## Assignment:
Only the lines from the one with "731471 E-Lok Re 465 BLS Snd." through the last line of the data below are to be duplicated, exactly and without pictures.

## Recorded information:
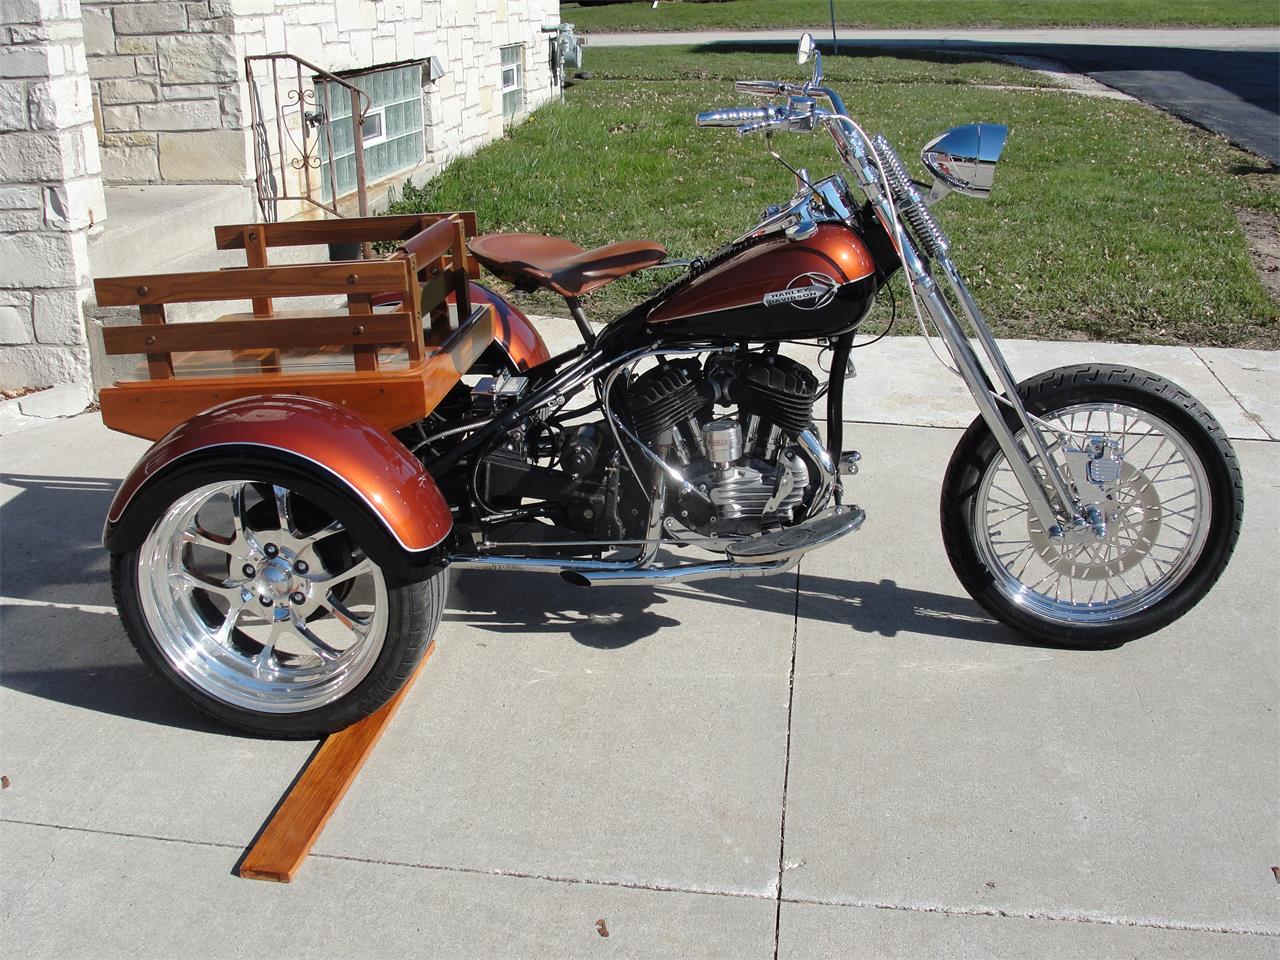 1966 Harley-Davidson Servi-Car (CC-815759) for sale in Sheboygan Falls, Wisconsin
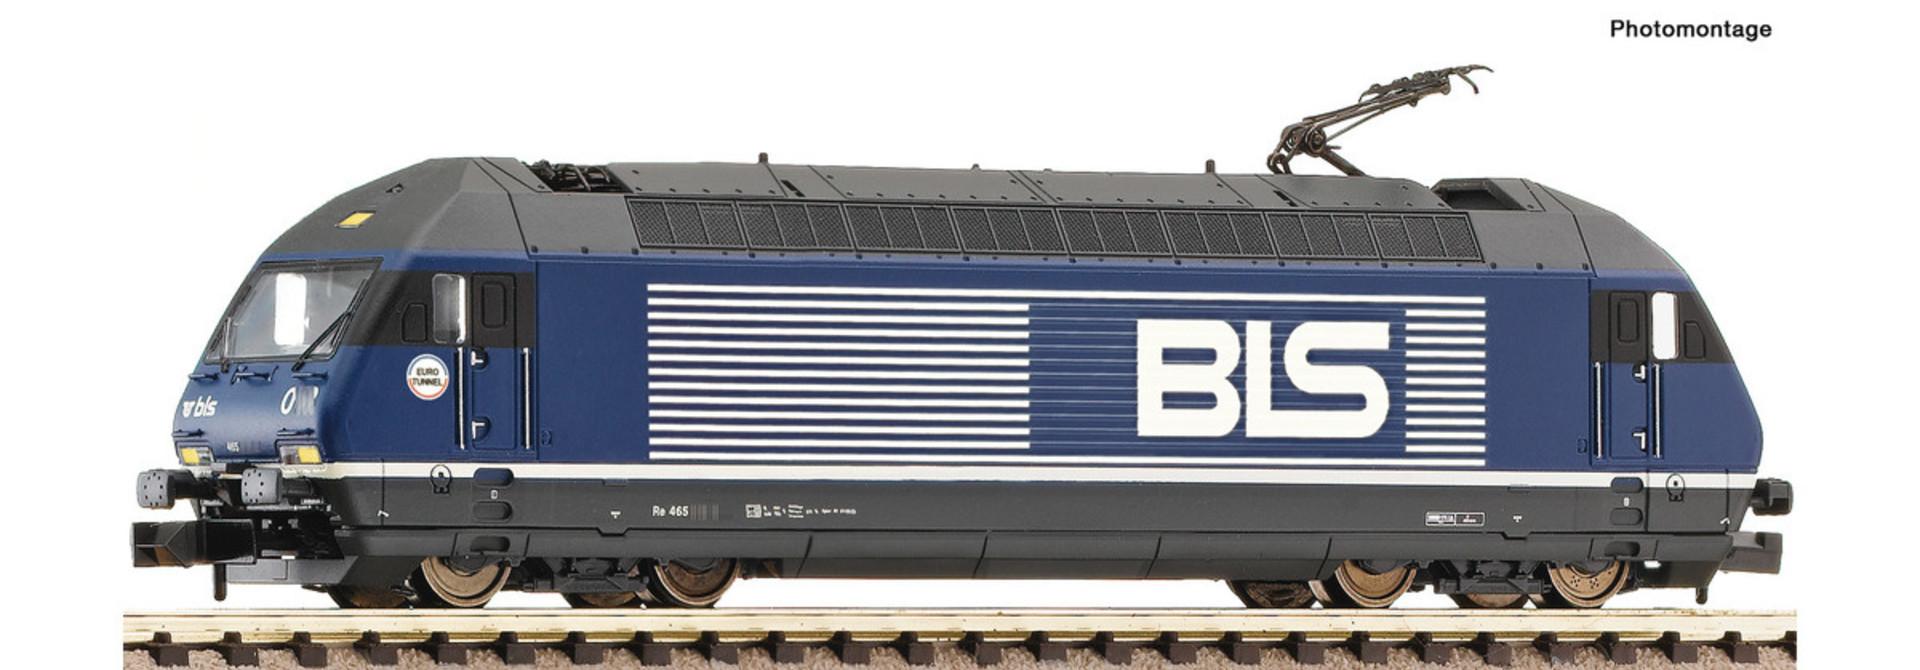 731471 E-Lok Re 465 BLS Snd.
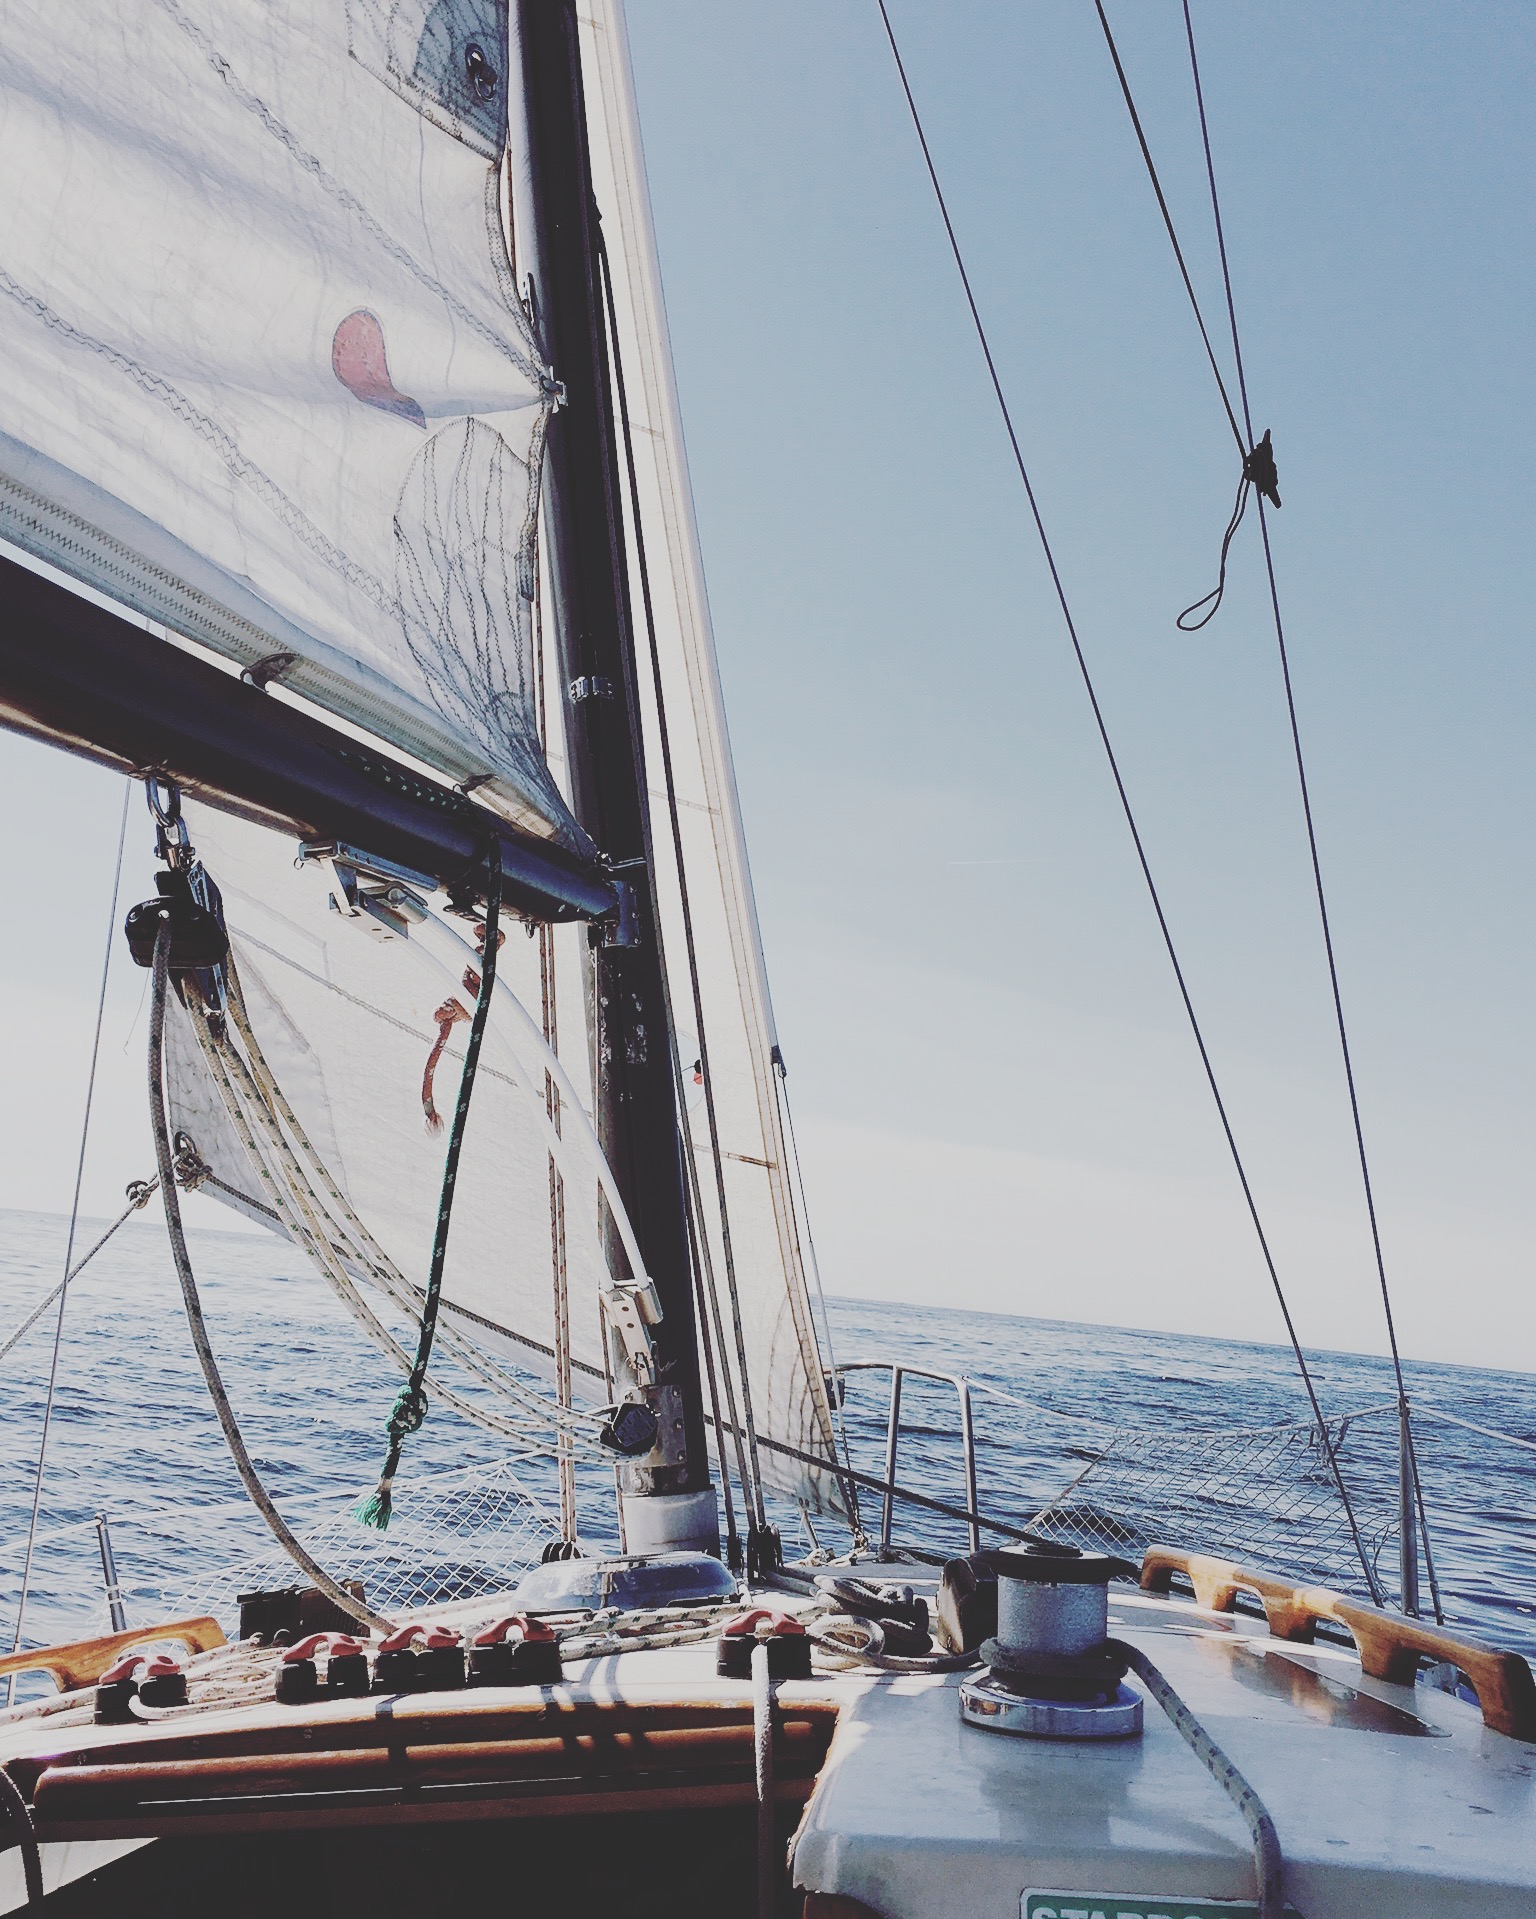 A shot from sailing around Santa Cruz in 2016

## Solution to the exercise:
 731471 E-Lok Re 465 BLS Snd.
 A shot from sailing around Santa Cruz in 2016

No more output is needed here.